Clinical Data Gap Analysis — Literature Research & Actions
Living working document created 2026-04-09. Records the gap analysis of the CER (R-TF-015-003), SotA (R-TF-015-011), and CEP (R-TF-015-001), and tracks the execution of every remediation action. Update this document as work progresses. Not included in the BSI response.
Task tracker
| ID | Action | Type | Priority | Status |
|---|---|---|---|---|
| T1 | Fix melanoma criterion inconsistency in CER (line 818 vs. derivation table) | CER edit | P1 | ⬜ Not started |
| T2 | Formally declare Fitzpatrick V–VI as acceptable gap per §6.5(e) in CER | CER edit | P1 | ⬜ Not started |
| T3 | Strengthen alopecia dermatologist sub-criteria justification in CER | CER edit | P1 | ⬜ Not started |
| T4 | Literature search A1: BCC/cSCC AI in non-specialist settings | Search | P2 | ⬜ Not started |
| T5 | Literature search A2: IHS4 AI independent validation | Search | P2 | ⬜ Not started |
| T6 | Literature search A3: Teledermatology utility scale benchmarks | Search | P2 | ⬜ Not started |
| T7 | Re-read existing SotA high-weight articles for underused data | Literature review | P2 | ⬜ Not started |
| T8 | Literature search B1: Fitzpatrick V–VI AI dermatology | Search | P3 | ⬜ Not started |
| T9 | Literature search B2: Pediatric AI dermatology | Search | P3 | ⬜ Not started |
| T10 | Literature search B3: Severity Pillar 3 real-world clinical studies | Search | P3 | ⬜ Not started |
| T11 | Literature search C1: Autoimmune skin disease AI detection | Search | P4 | ⬜ Not started |
| T12 | Literature search C2: UAS inter-rater benchmarks | Search | P4 | ⬜ Not started |
T1 — Fix melanoma criterion inconsistency
Problem: CER line 818 says "Met: AUC >= 0.80 for melanoma detection achieved". The acceptance criteria derivation table (line 2008) states AUC >= 0.85, Sensitivity >= 0.93, Specificity >= 0.80. MC_EVCDAO_2019 achieved AUC 0.8482 (95% CI: 0.7629–0.9222) and sensitivity 73.79%. BSI will flag this inconsistency.
Resolution path:
The binding 7GH sub-criterion (c) is the aggregate malignancy AUC ≥ 0.90 (line 2048), which is met at 0.97. The derivation table criterion (AUC ≥ 0.85) is a condition-level benchmark. The fix is:
- Update line 818: remove the "≥ 0.80" inconsistency; state that the individual melanoma AUC criterion (≥ 0.85) is met at 0.8482, and that the binding 7GH sub-criterion (c) — aggregate malignancy AUC ≥ 0.90 — is met at 0.97 across all malignancy studies.

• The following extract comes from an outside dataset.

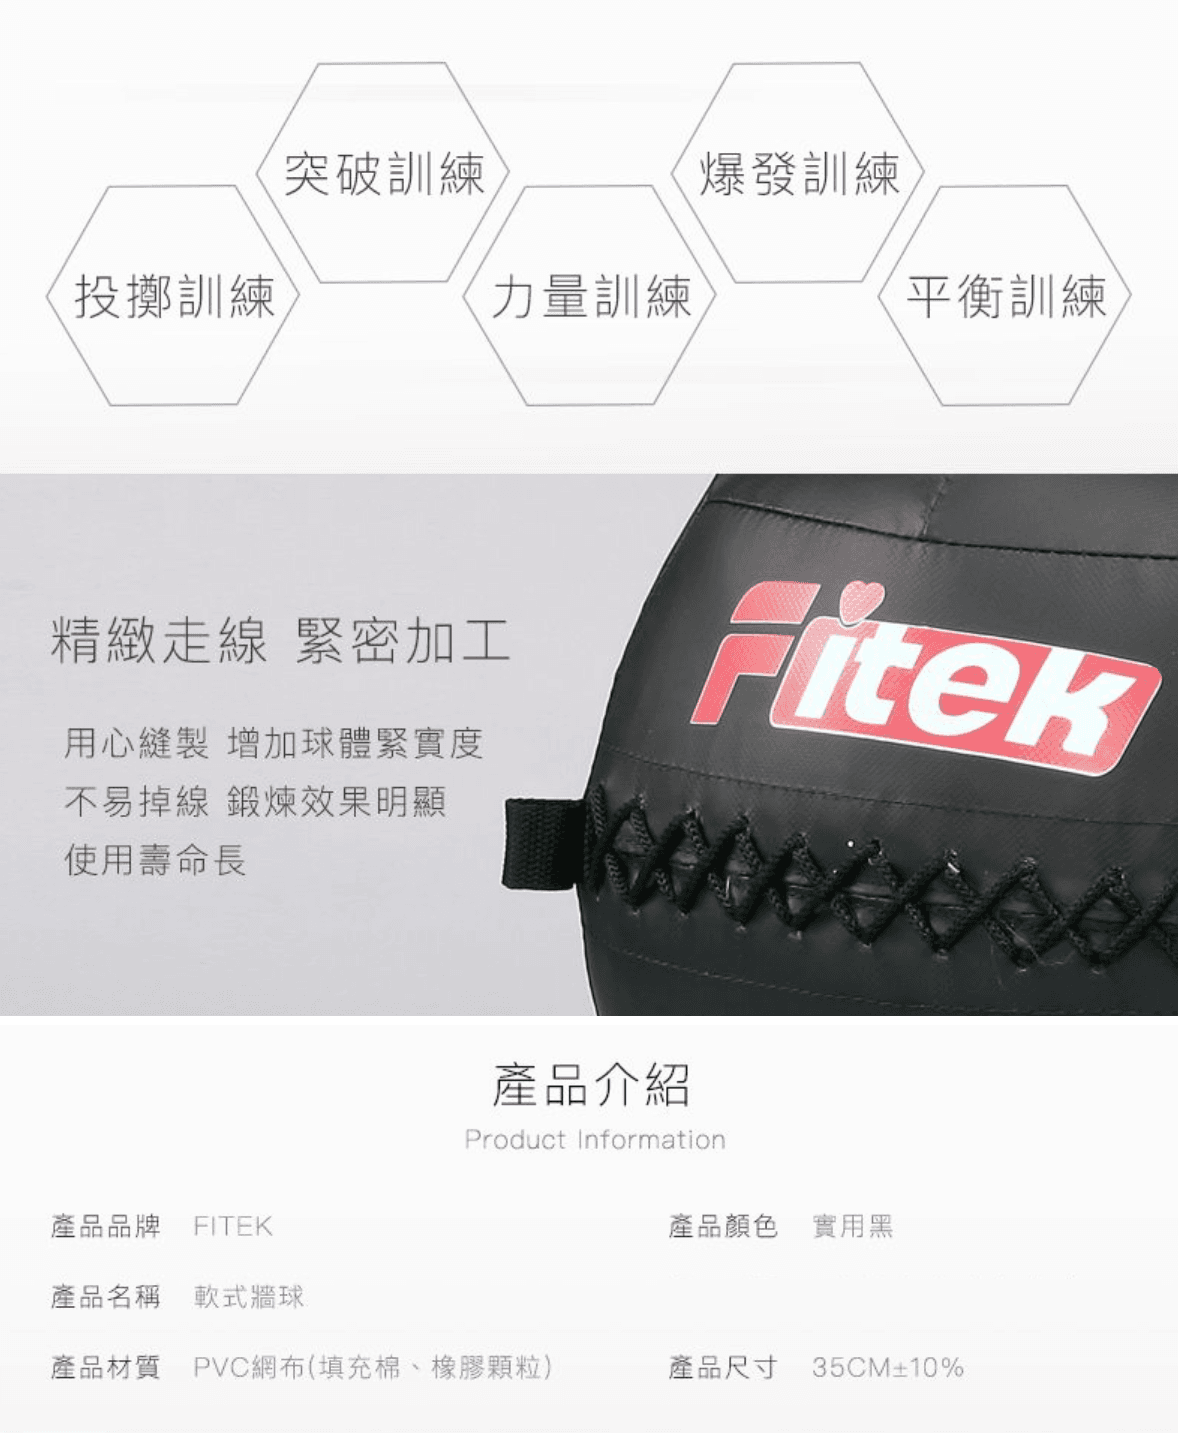 軟式藥球牆球10KG【Fitek】 4

- Verify the derivation table at line 2008 is consistent with this framing (AUC ≥ 0.85 as individual threshold, not the aggregate 7GH criterion).
Files to edit:
R-TF-015-003-Clinical-Evaluation-Report.mdxline 818
Done when: Line 818 no longer says "≥ 0.80"; the text correctly states the individual melanoma threshold and its achieved value, and cross-references the 7GH aggregate criterion.
T2 — Formally declare Fitzpatrick V–VI as acceptable gap per §6.5(e)
Problem: The CER currently mentions phototype V–VI underrepresentation only as a "PMCF monitoring priority." This is weaker than the §6.5(e) treatment given to autoimmune diseases and genodermatoses. BSI may ask why phototype V–VI is not declared as an acceptable gap with the same rigour.
Resolution path:
Option A (preferred if literature search T8 finds supporting data): cite published evidence showing that AI dermatology tools perform adequately in Fitzpatrick V–VI in external studies.
Option B (if no literature found): Add a formal §6.5(e) acceptable gap declaration for Fitzpatrick V–VI in the CER, structured identically to the autoimmune and genodermatoses gap declarations, with these justification elements:
- (a) The primary deployment context (Spain) has low phototype V–VI prevalence, producing inherent under-recruitment.
- (b) The ASCORAD_2022 study explicitly tested the device on Fitzpatrick IV–VI images (112 images), demonstrating that the algorithm architecture handles pigmentation variation.
- (c) The Vision Transformer architecture assesses relative lesion intensity, not absolute pixel values, reducing sensitivity to skin tone compared to pixel-classification approaches.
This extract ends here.